All young Black men get “The Talk” at one point or another.

It’s filled with pointers and suggestions about how to handle police encounters when walking, driving, or just breathing while Black. My mother gave my younger brother and me The Talk when we turned 12, and 15 years later I gave it to my little brother “M.” If you’ve never had it and/or have to give it,

It boils down to these six essential tips:

Image captured by Kwesi Abbensetts

You will be looked at as a criminal

I explained to “M” that it doesn’t matter how you dress, act, or talk, in the eyes of most if not all police officers, you’re a criminal.

Keep your hands by your sides

Many Black men have been murdered because their hands were moving or twitching nervously around police. Maybe it’s because they think we all pack 9mm’s or have the strength and skill of Floyd Mayweather. Nevertheless, keep your hands still and visible.

Talk cool and keep eye contact

When talking with police, maintain a cool, calm voice —kind of like Snoop Dogg — and keep your eyes locked on the officer. These small gestures project a sense of honesty, like “See officer so and so, I’m an ordinary Negro, not a super gangster like you think I am .”

Don’t roll with too many homies

When I was younger, me and my guys would never “roll four deep” (or have four or more passengers in the car).

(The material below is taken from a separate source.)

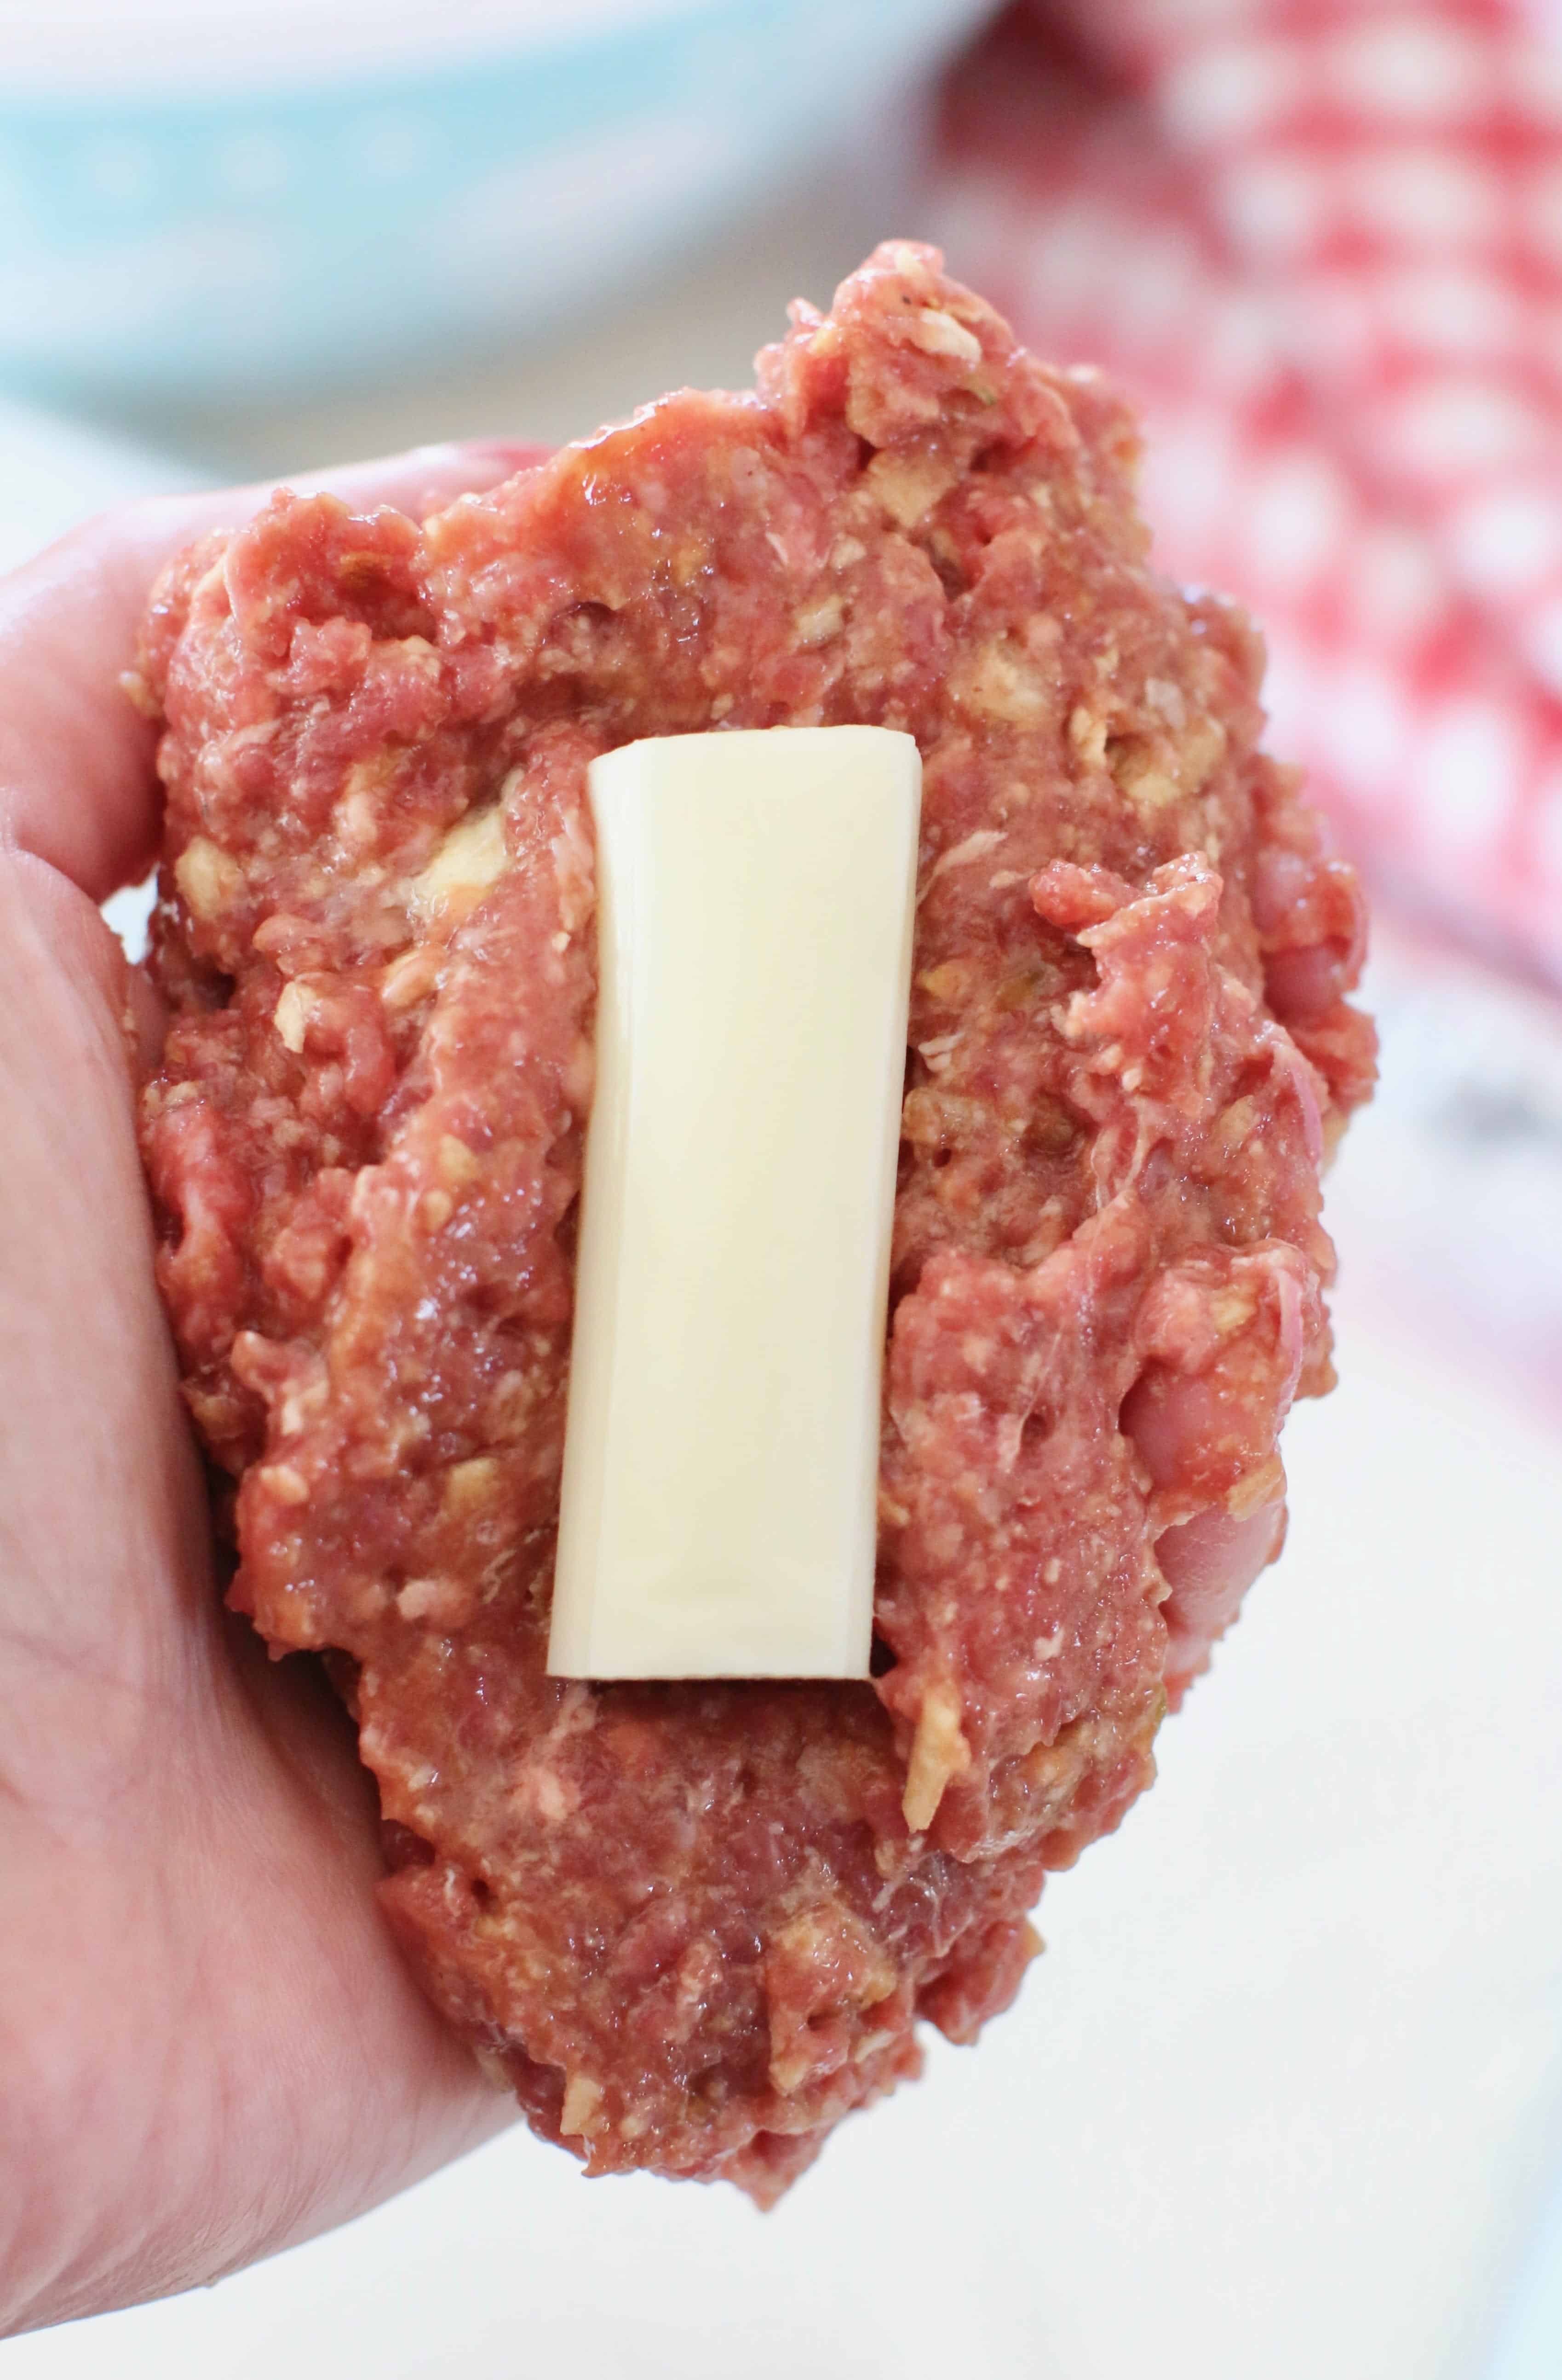 mozarella string cheese stuffed into meatloaf mixture.

That just screams to an officer, “Please pull us over.”

If four or more of us had to go to somewhere, we would either walk, take a cab, or just meet up later.

Pull over in public

If you’re flagged down while driving, try your best to pull over around people. Why? Well you want witnesses just in case your traffic stop goes awry. More than one witness can help you in court if the police say you “assaulted” them. Speaking of police trustworthiness…

No warrant, no search

Under no circumstance should you allow a police officer to search your car without a warrant. Why? Well, for one, it’s your right. Two, you don’t want the cops to magically “find” an eight-ball of coke or a weapon used in a commission of a crime. I’ve read too many reports of police planting evidence on Black people during traffic stops to not always follow this rule.

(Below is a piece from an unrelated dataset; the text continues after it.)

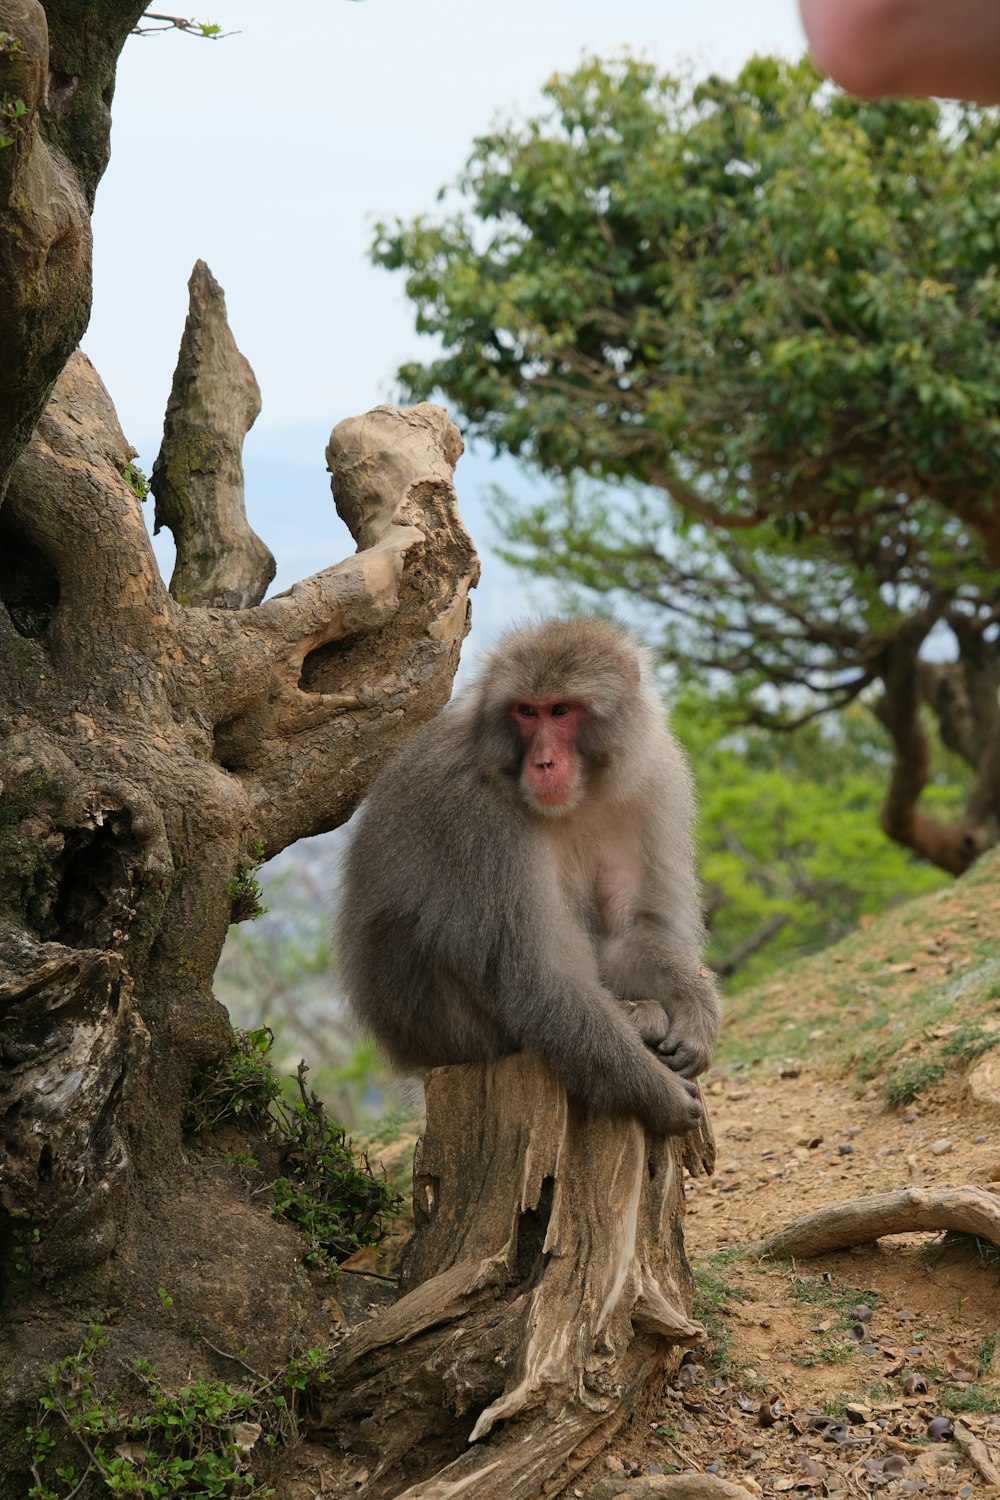 a monkey that is sitting on a tree stump

After I gave The Talk to “M,” he was blown away.

He asked me:

“Is it always going to be like this for Black people?”

I looked at him, gave a big sigh and said, “I don’t know man.”

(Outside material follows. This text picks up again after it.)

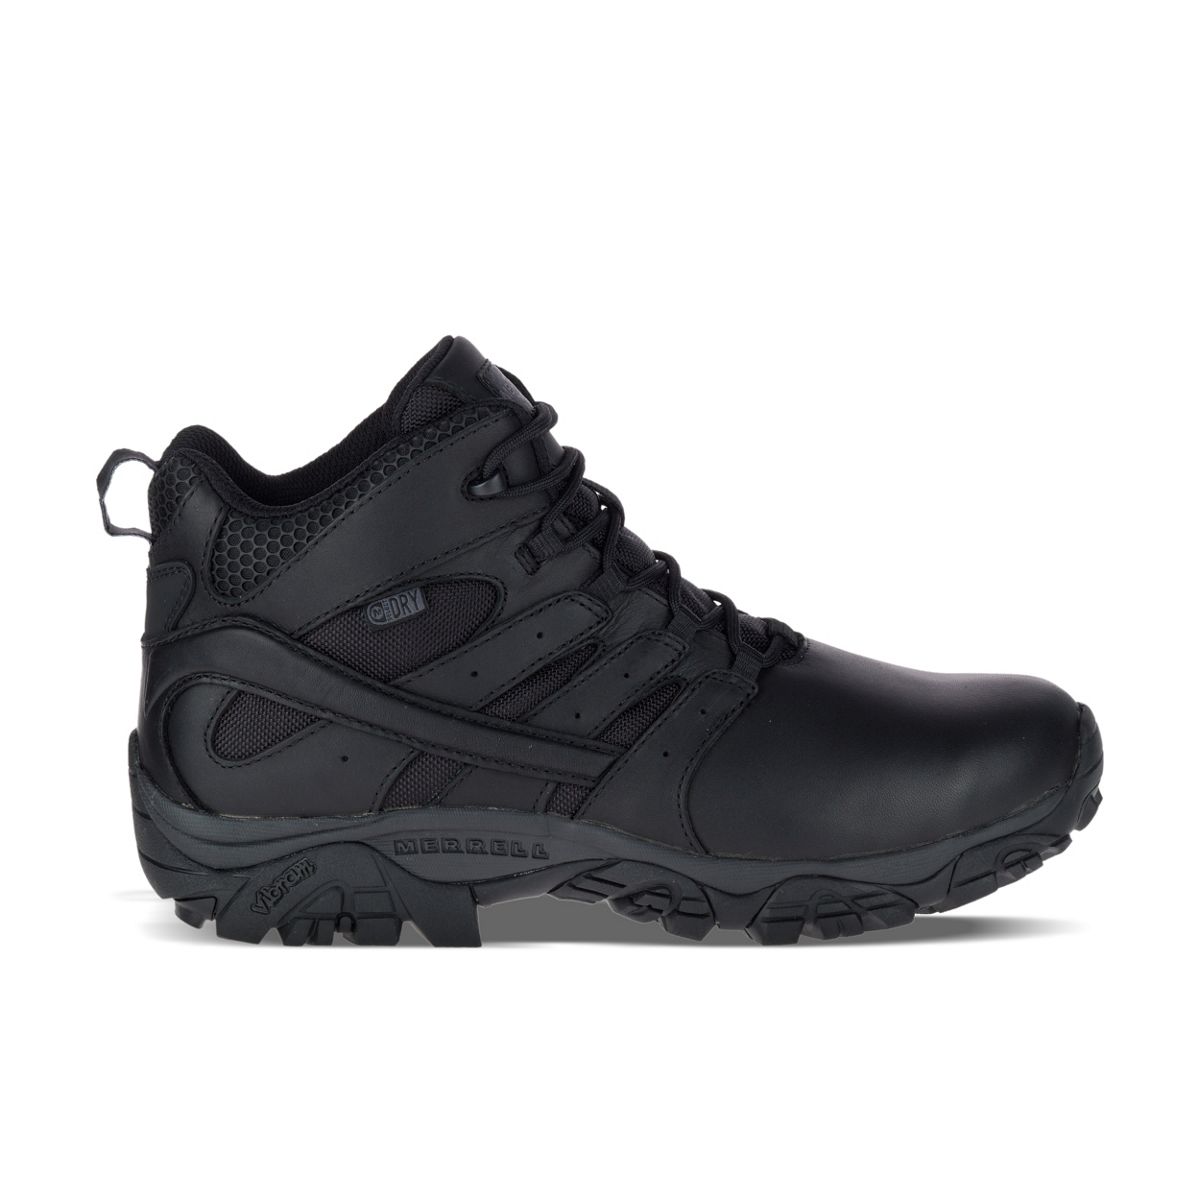 Moab 2 Mid Tactical Response Waterproof Boot - Boots | Merrell

It’s a shame that we have to pass along these tips to our children to ensure their survival (and even then, we don’t know if they will survive). They should be concerned with getting a great education and growing to be upstanding adults, not figuring out how to walk away unscathed from an encounter with the police.

However optimistic this sounds, my hope is that “M” will never have to sit down with a young Black person and give him or her The Talk.